Shorter version: They are pretty similar and not particularly liberal (certainly not as much as I would like them to be.)

There are some things I take issue with. For more on Obama's record on crime and defendants' rights, see my earlier analysis here.

It's true, as the article says, that while both support the death penalty, Obama worked to revise it in Illinois to prevent wrongful convictions and Hillary was an early and consistent supporter in Congress of the Innocence Protection Act.

But neither one opposes the death penalty for the guilty. Obama, for example, supported legislation in Illinois to increase crimes eligible for the death penalty -- specifically for those convicted of brutal murders of the elderly and mentally disabled. (Chicago Tribune, May 2, 2001, available on Lexis.com) He also supports it for heinous crimes.

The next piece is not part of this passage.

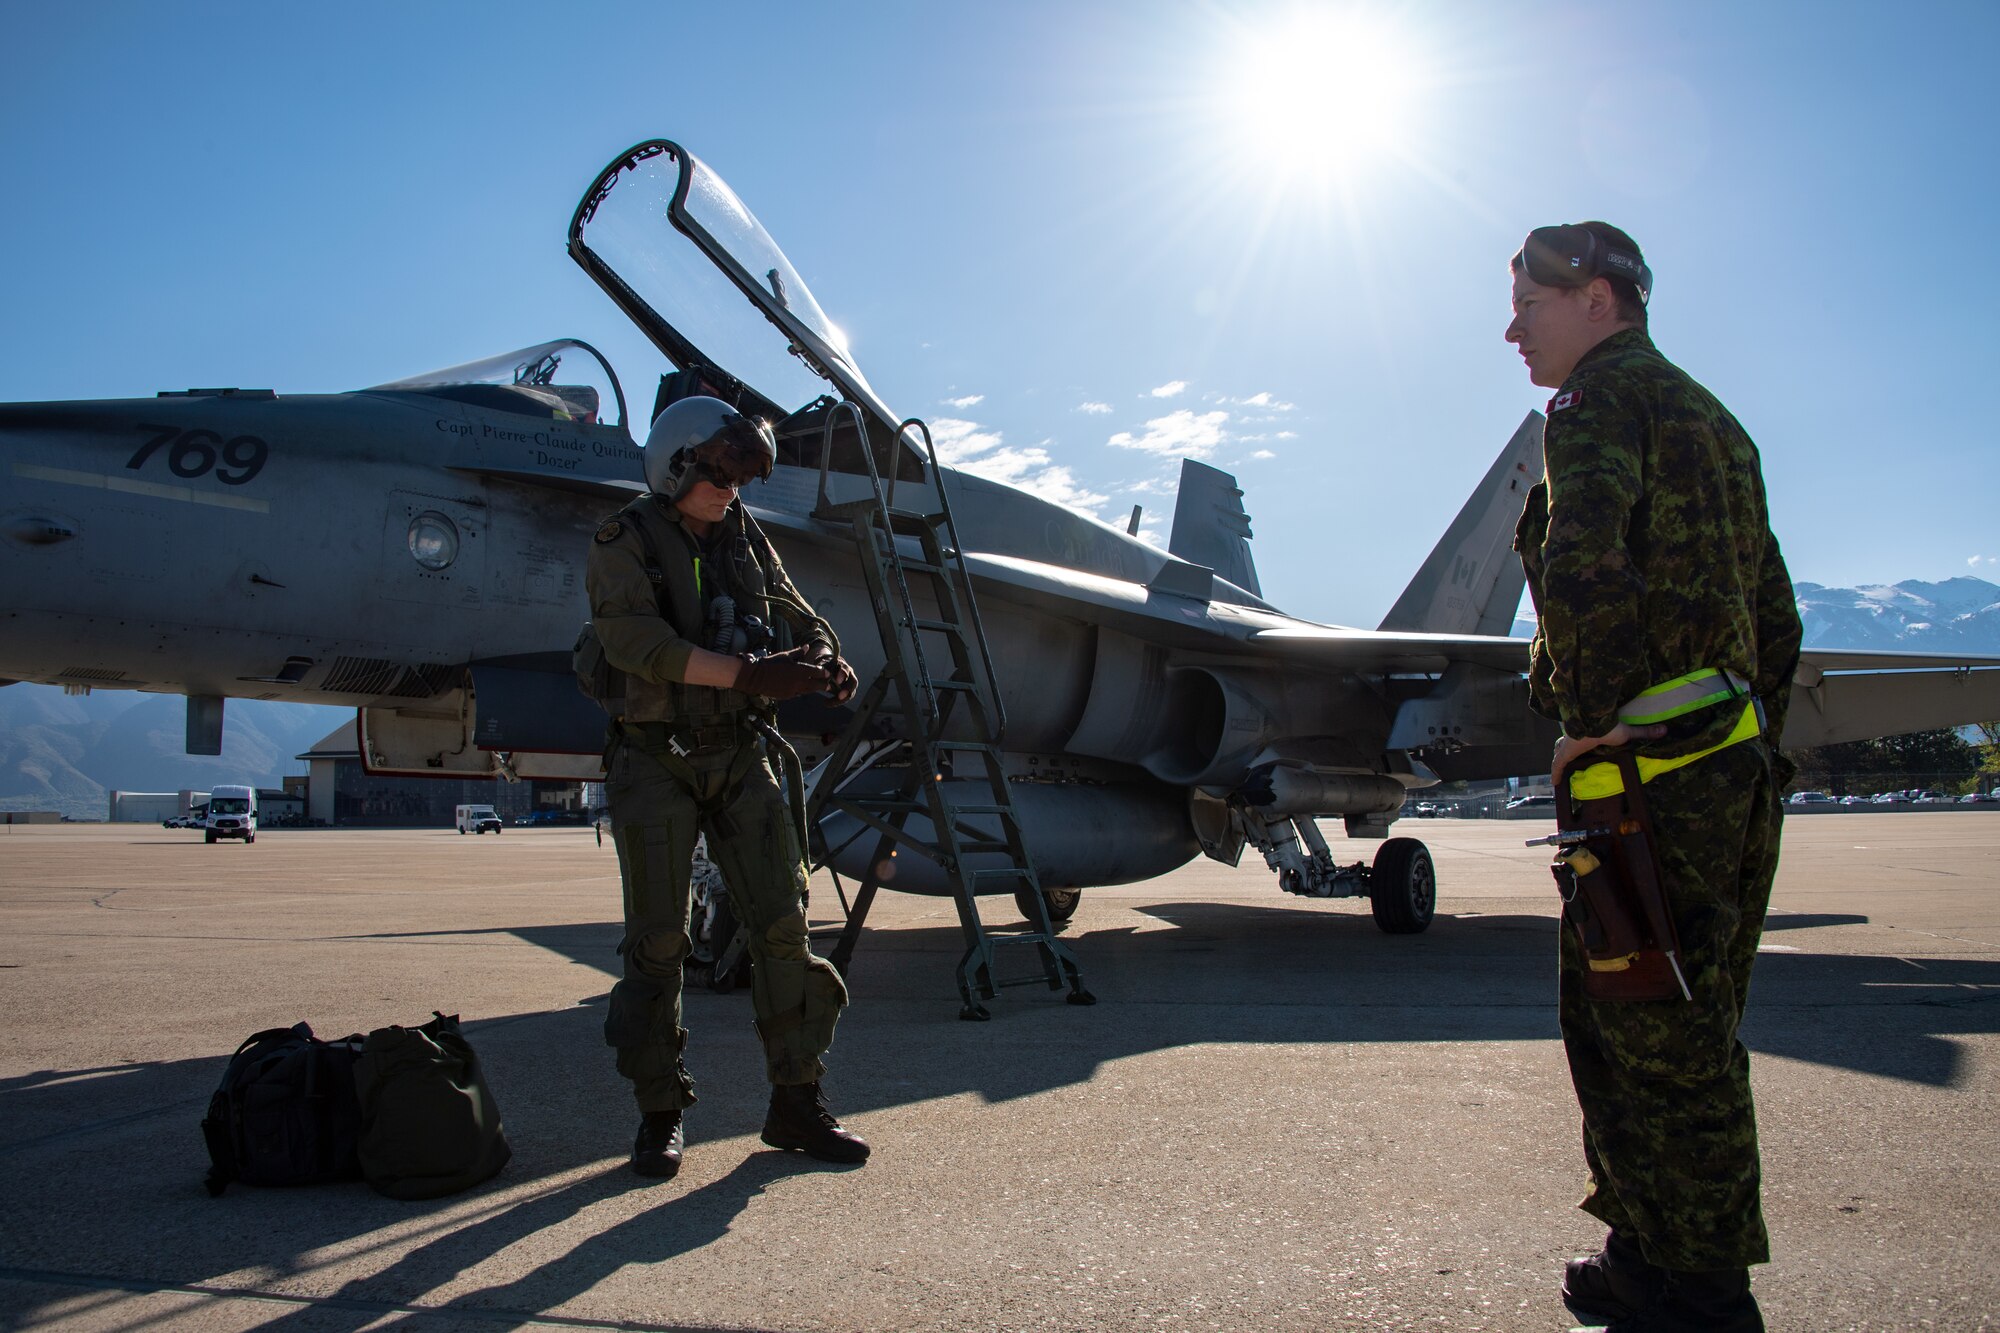 Royal Canadian Air Force pilot Capt. Jason Berndt and structural technician Cpl. Matthew Roy, assigned to the 433rd Tactical Fighter Squadron, perform pre-flight checks May 3, 2018, at Hill Air Force Base, Utah. The Canadian unit participated in a Weapons Evaluation Systems Program, or WSEP, exercise conducted by the 86th Fighter Weapons Squadron, a Hill tenant unit. (U.S. Air Force photo by R. Nial Bradshaw)

In 2004, for the first time since the 1980's, the Dems, at the insistence of John Kerry, dropped the death penalty from their platform. Will Obama or Hillary pledge to keep it out? I doubt it.

On mandatory minimums, the article implies Obama is opposed to them while Hillary is not.

The two differ on crime-related issues that have a lower profile but affect many thousands of prisoners, most of them minorities - the disparity between sentences for offenses involving crack and powder cocaine, and the merits of federal mandatory-minimum sentencing laws. On both, Clinton lines up with the prosecution, Obama with the defense.
While it accurately notes that Obama has tempered his opposition recently by merely calling for a review of mandatory minimums, he's also said his opposition applies to non-violent offenses. And he has doubts about spending political capital to change them.
He said that if he were to become president, he would support a commission to issue a report "that allows me to say that based on the expert evidence, this is not working and it's unfair and unjust. Then I would move legislation forward."
"Even if we fix this, if it was a 1-to-1 ratio, it's still a problem that folks are selling crack. It's still a problem that our young men are in a situation where they believe the only recourse for them is the drug trade. So there is a balancing act that has to be done in terms of, do we want to spend all our political capital on a very difficult issue that doesn't get at some of the underlying issues; whether we want to spend more of that political capital getting early childhood education in place, getting after-school programs in place, getting summer school programs in place."